__Task brief__
Omitting all pictures, print the lines of the listing from the one containing "Ford Tool Box" through the final line, both ends included, with no other text.

__Raw data__
★ ★ ★
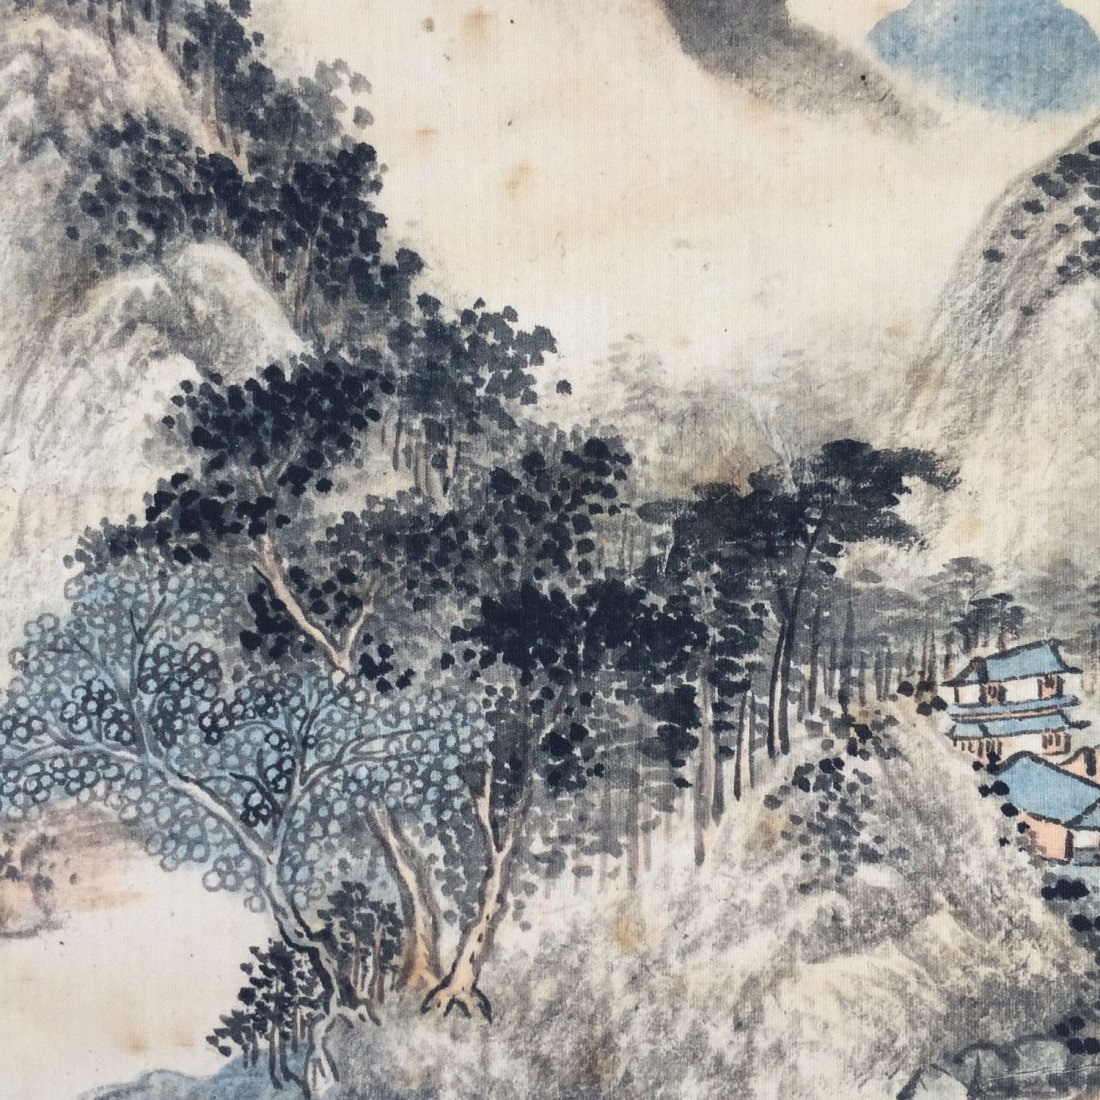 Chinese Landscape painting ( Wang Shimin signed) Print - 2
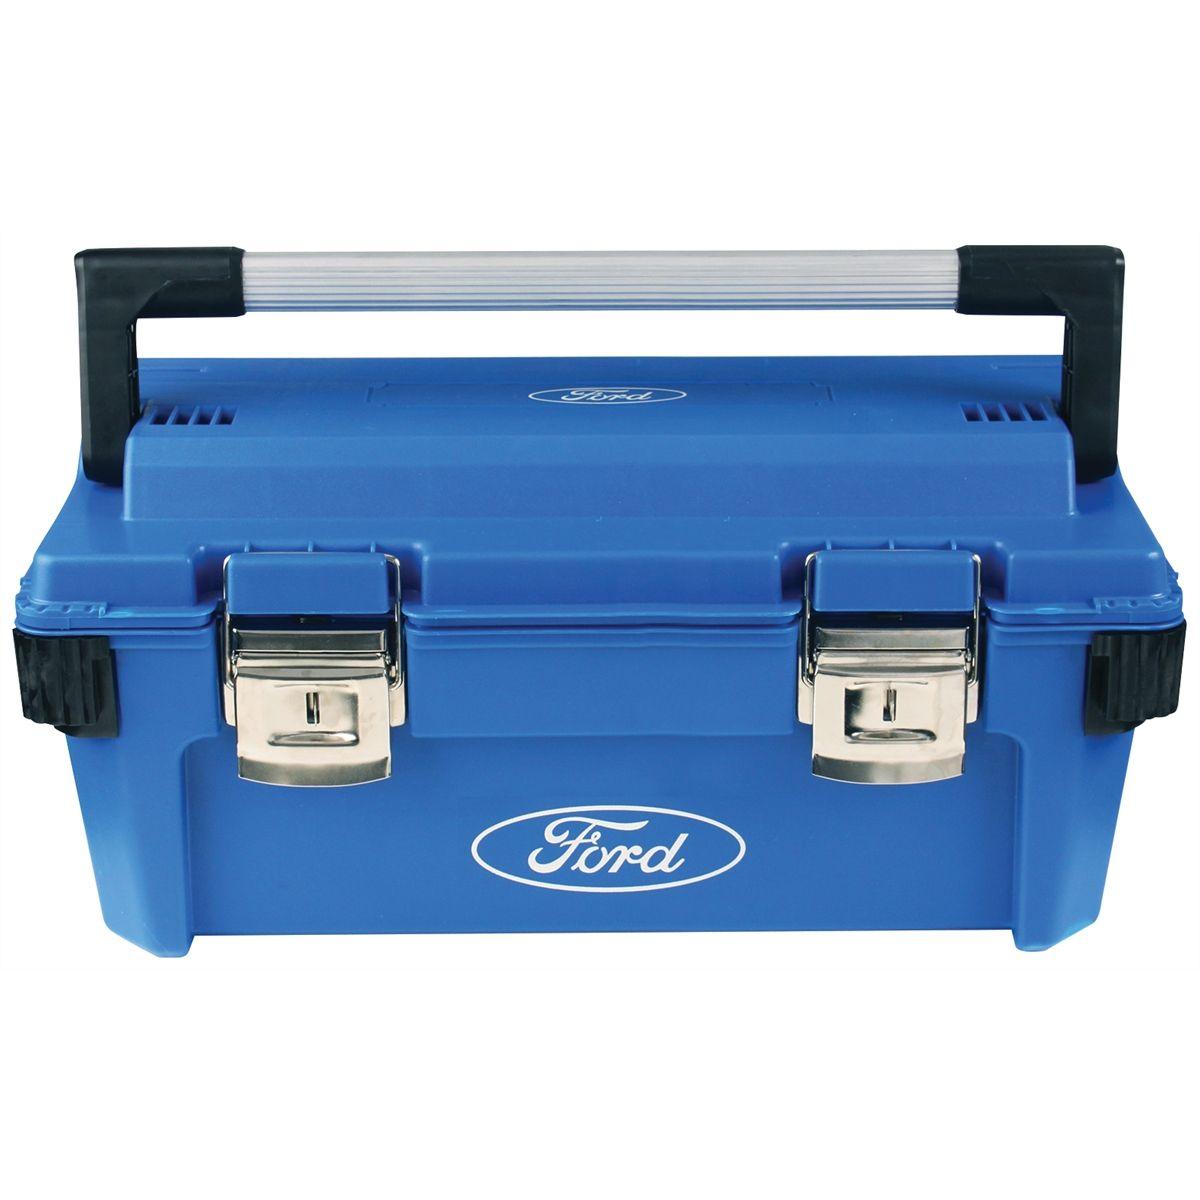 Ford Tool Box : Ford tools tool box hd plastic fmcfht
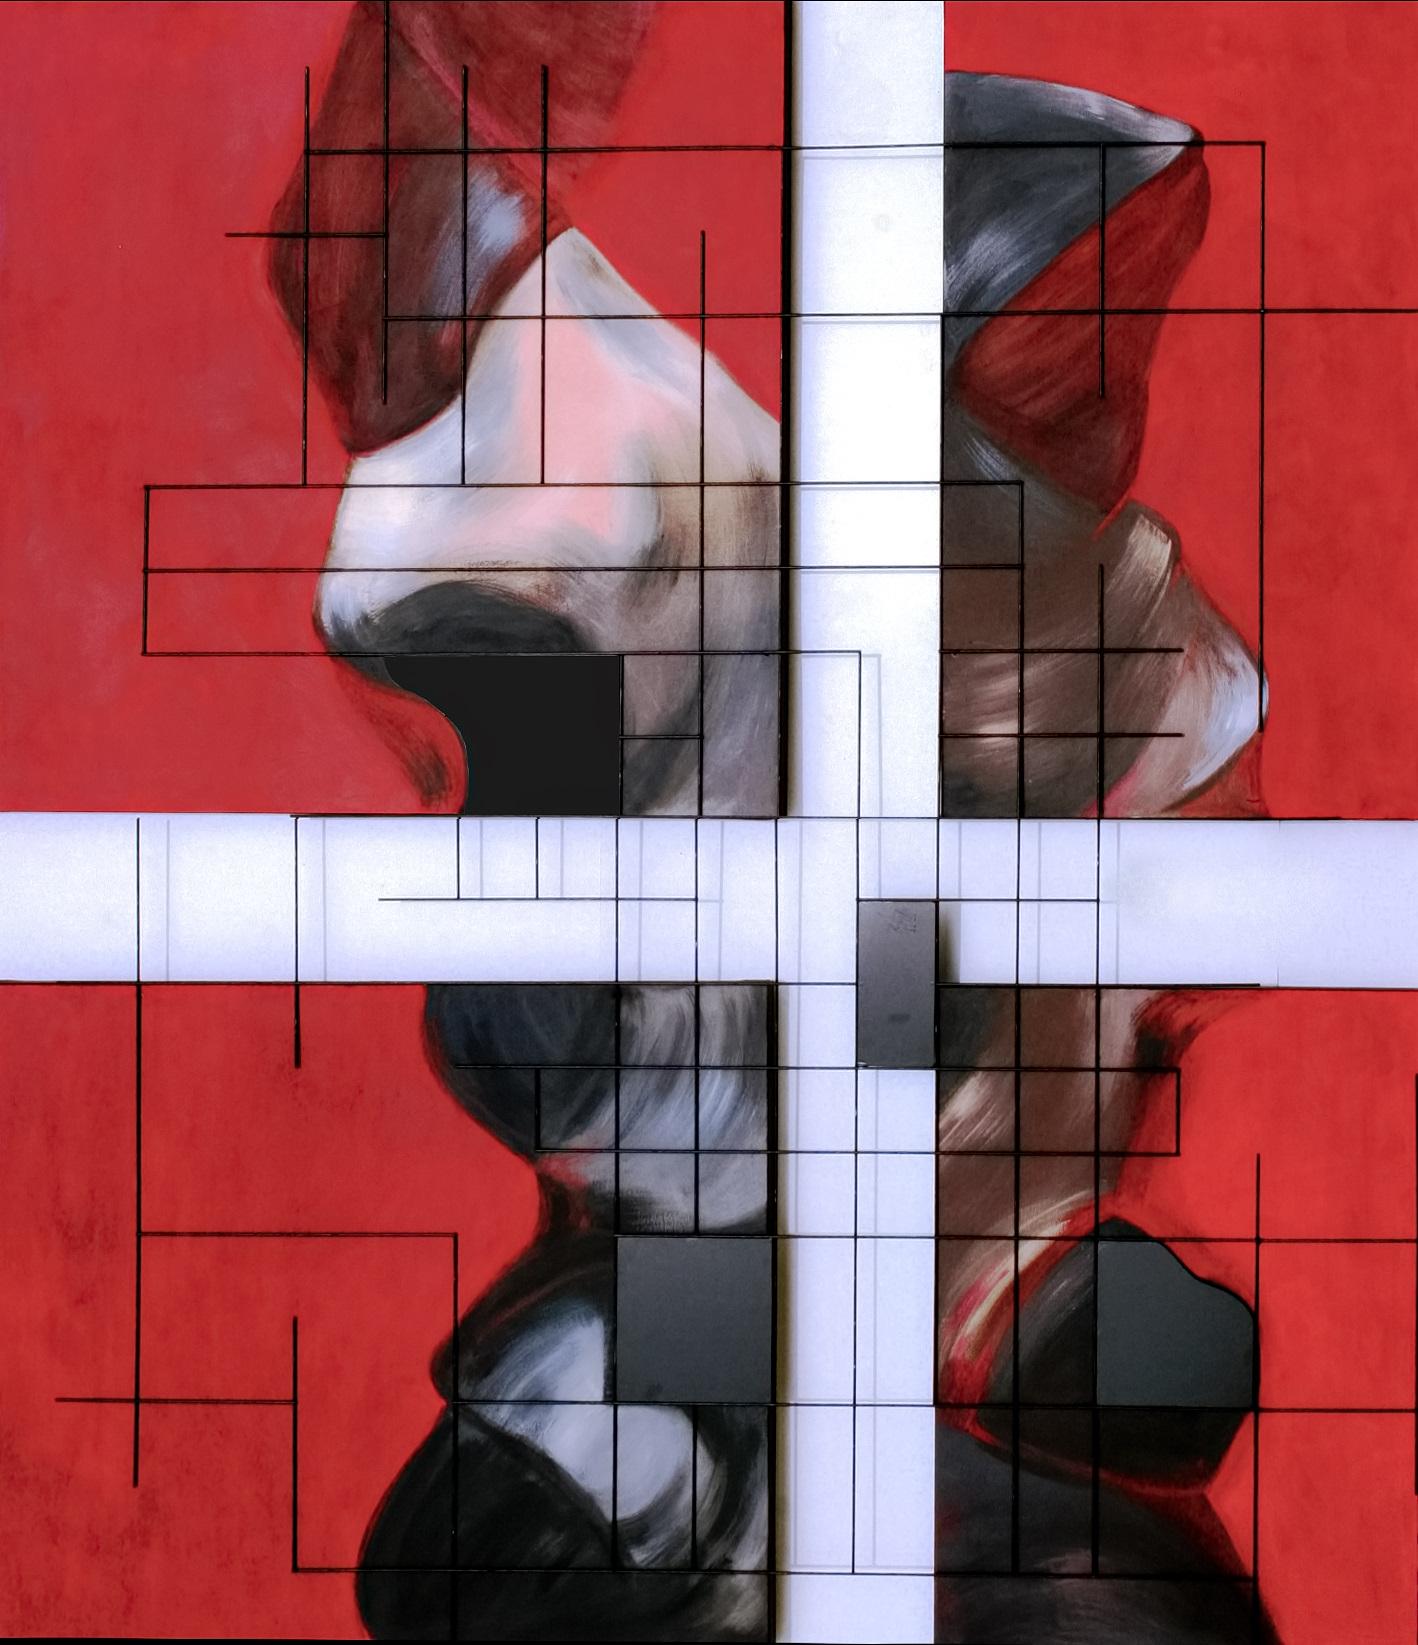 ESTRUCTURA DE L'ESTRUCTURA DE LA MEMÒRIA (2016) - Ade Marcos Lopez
★ ★ ★
__Response to this task__
 Ford Tool Box : Ford tools tool box hd plastic fmcfht
 ESTRUCTURA DE L'ESTRUCTURA DE LA MEMÒRIA (2016) - Ade Marcos Lopez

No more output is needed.